#### Work required:
From the line containing "Handbuch der Volkskammer" to the line containing "Top 4 Charro Beans Recipes" in the entries below, reproduce every line exactly, ends included. Nothing else belongs in the copy, and no pictures.

#### Record excerpts:
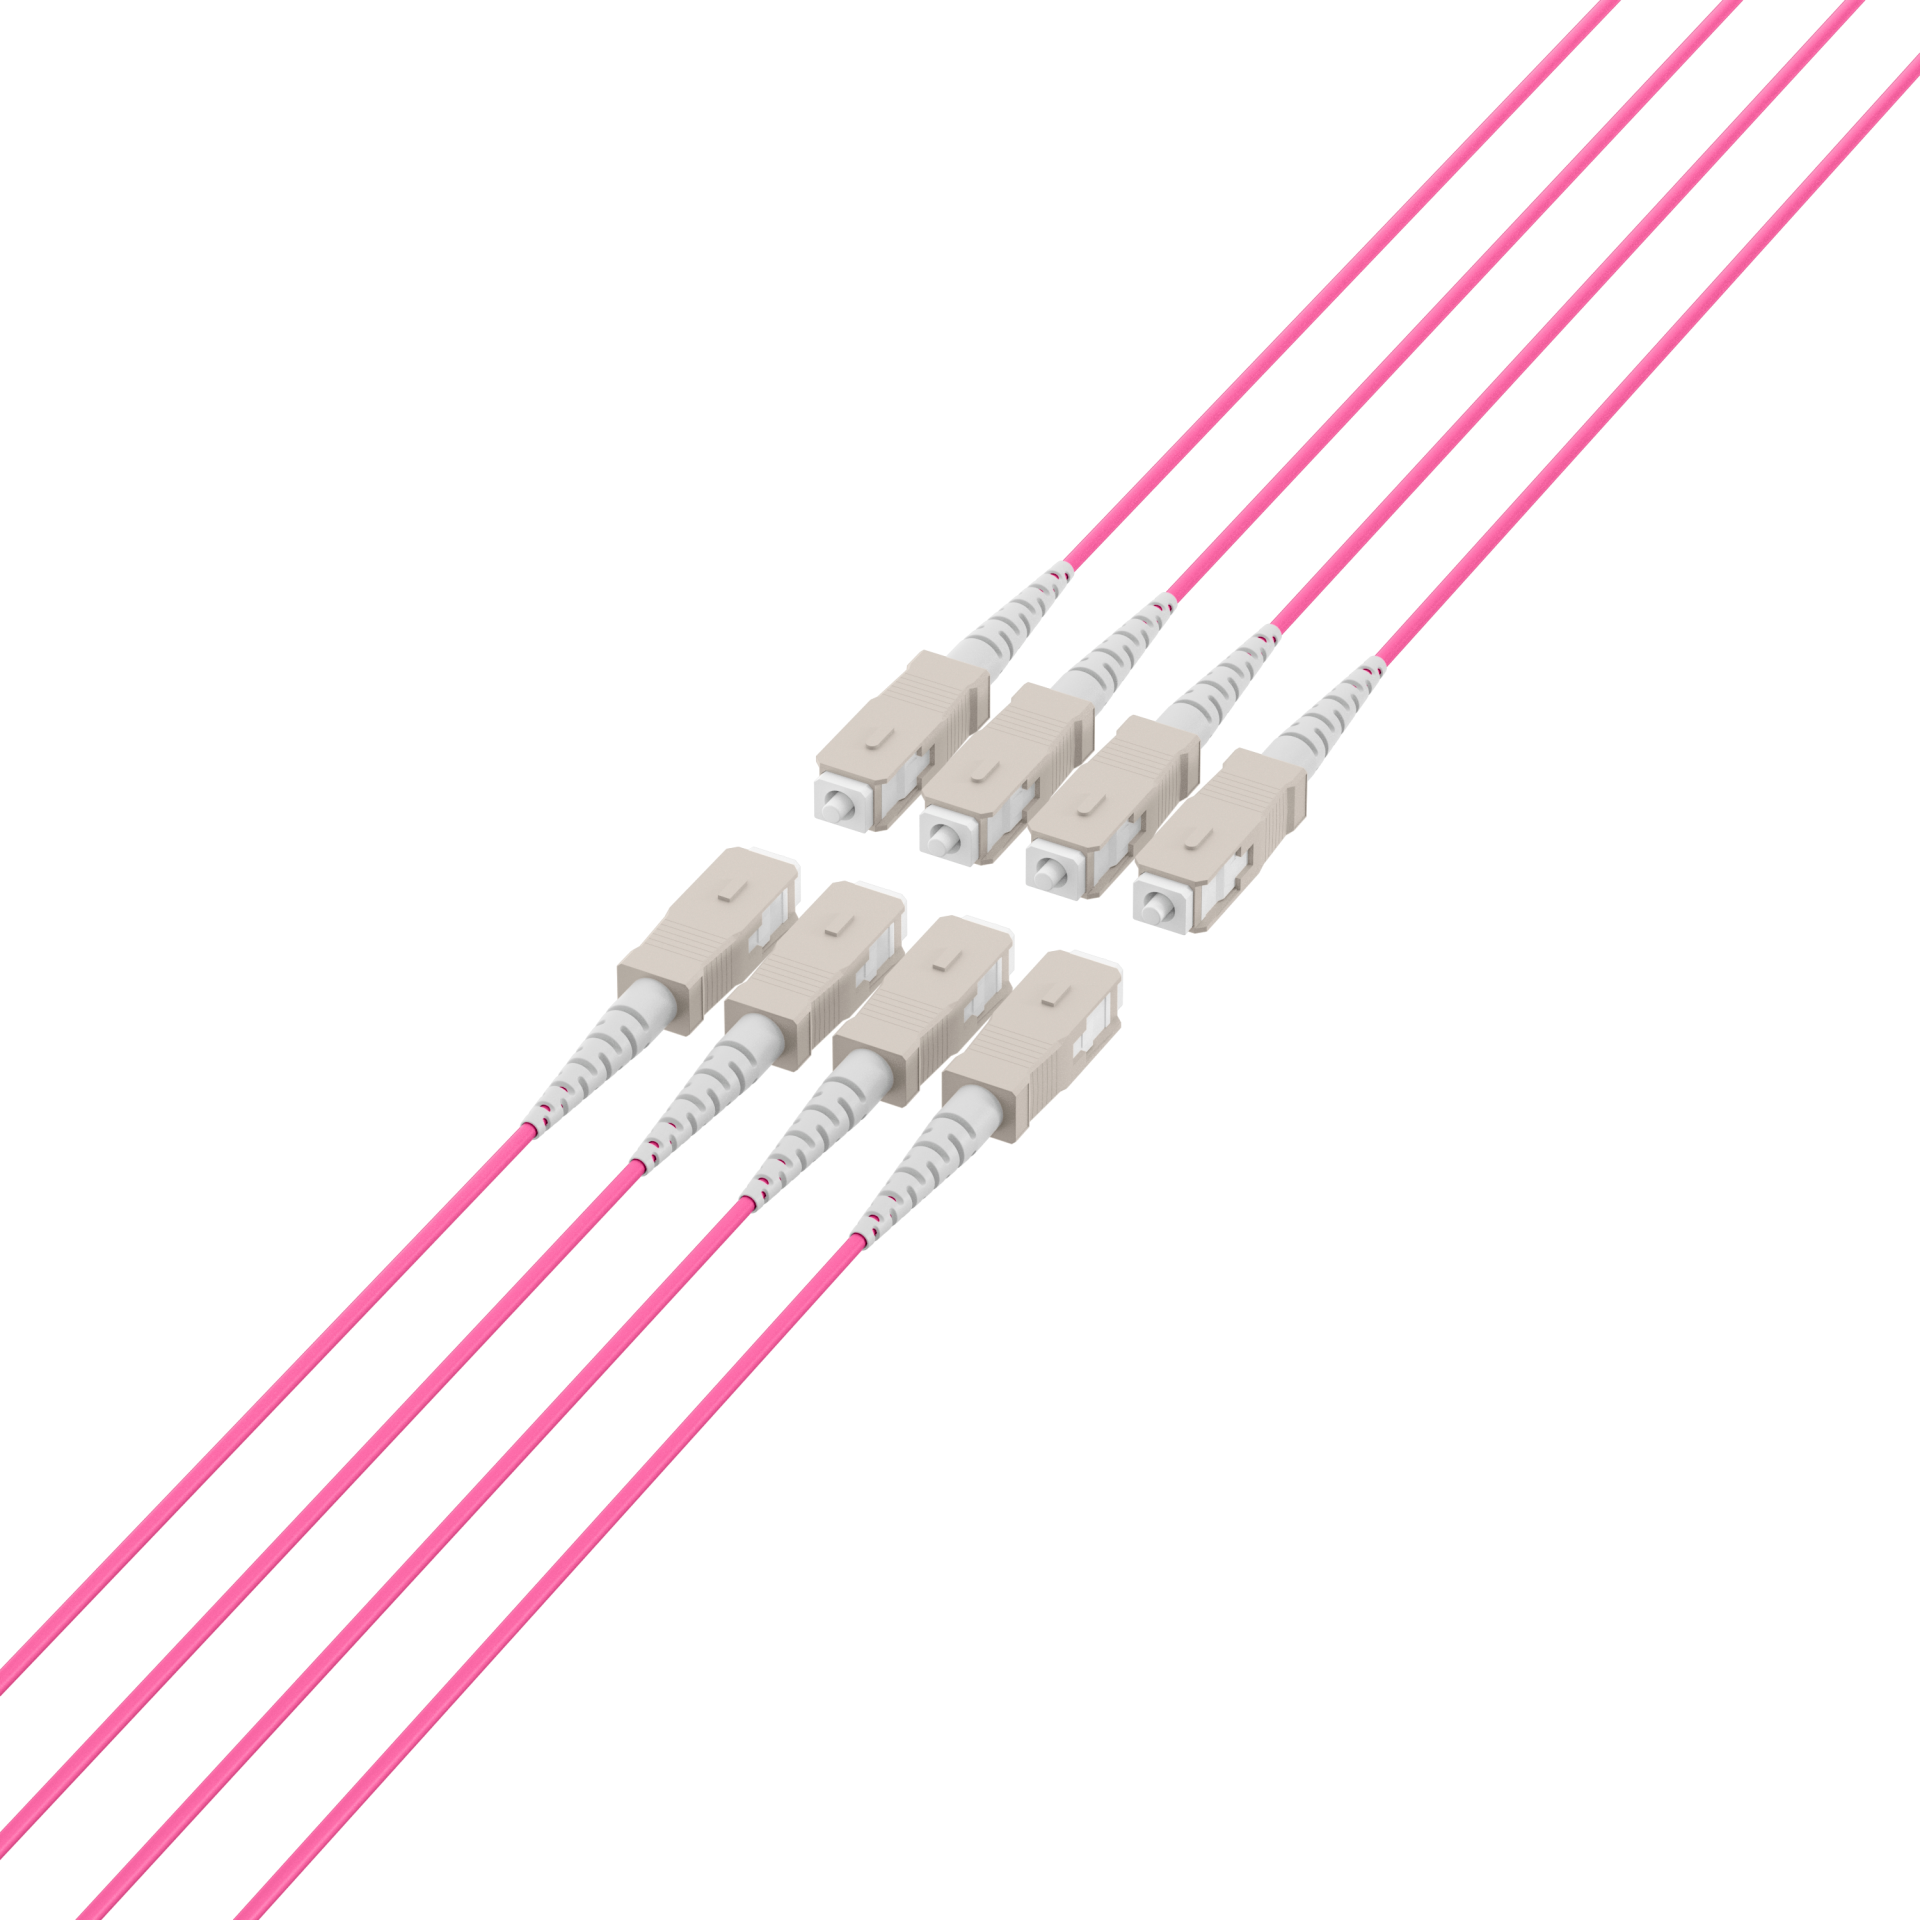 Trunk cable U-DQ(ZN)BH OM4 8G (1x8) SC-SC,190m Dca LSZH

---

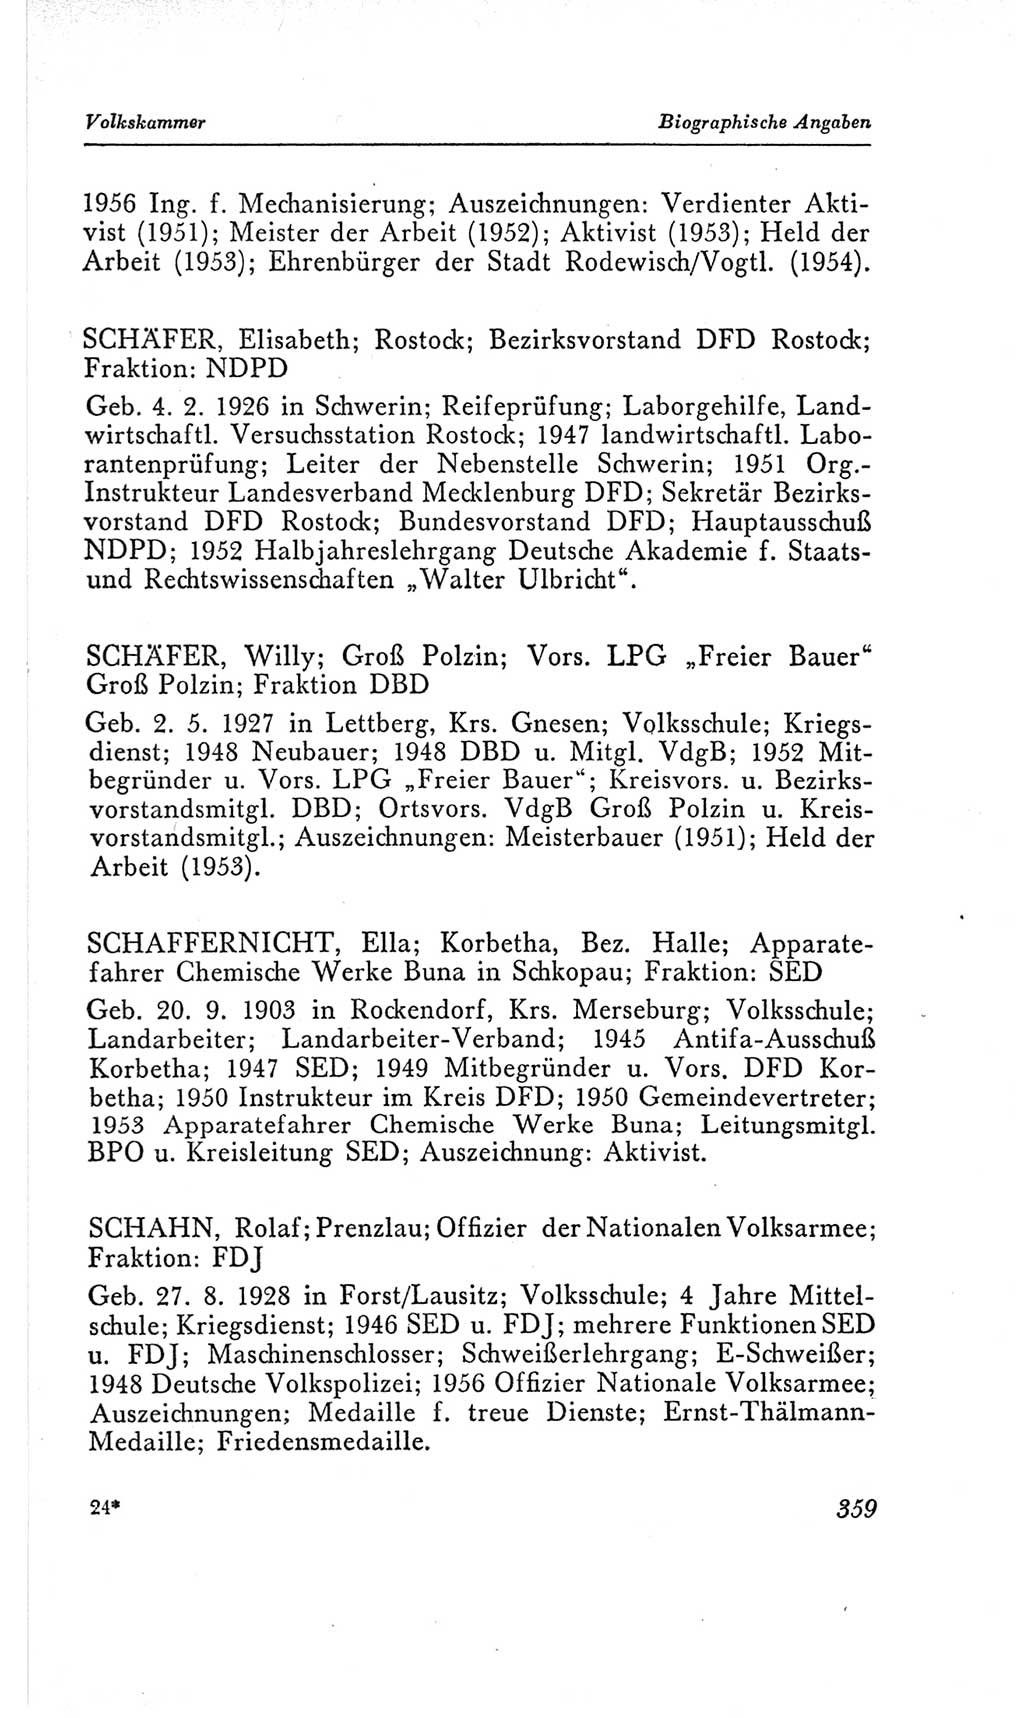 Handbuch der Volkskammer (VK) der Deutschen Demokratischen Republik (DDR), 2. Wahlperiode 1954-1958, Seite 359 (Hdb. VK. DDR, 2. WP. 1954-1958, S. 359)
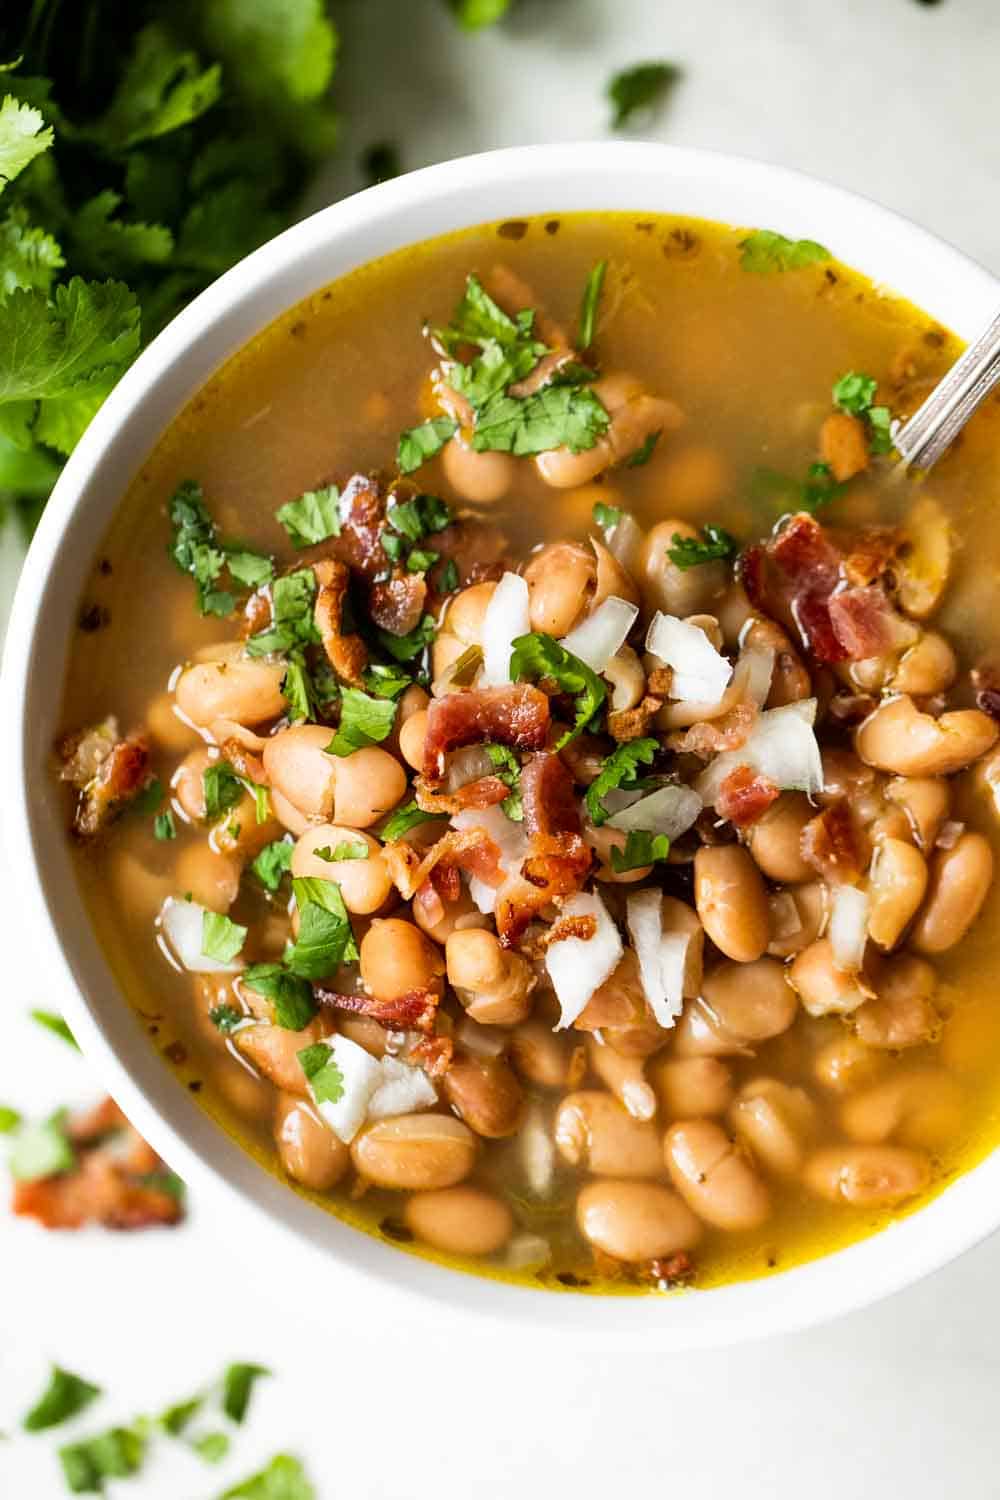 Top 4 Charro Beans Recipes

* * *

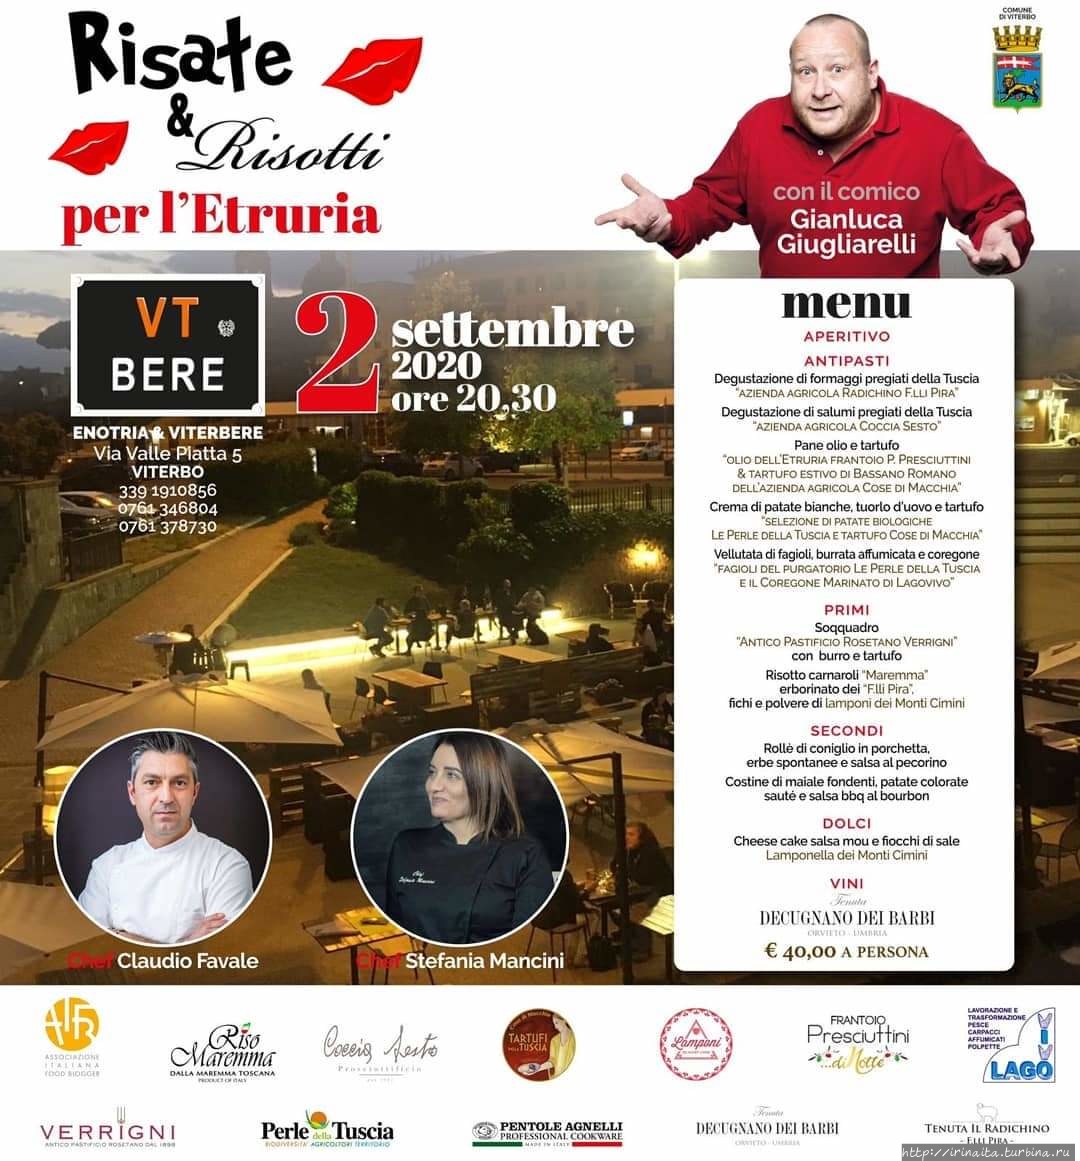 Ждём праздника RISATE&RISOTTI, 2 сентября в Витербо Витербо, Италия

#### Solved problem:
 Handbuch der Volkskammer (VK) der Deutschen Demokratischen Republik (DDR), 2. Wahlperiode 1954-1958, Seite 359 (Hdb. VK. DDR, 2. WP. 1954-1958, S. 359)
 Top 4 Charro Beans Recipes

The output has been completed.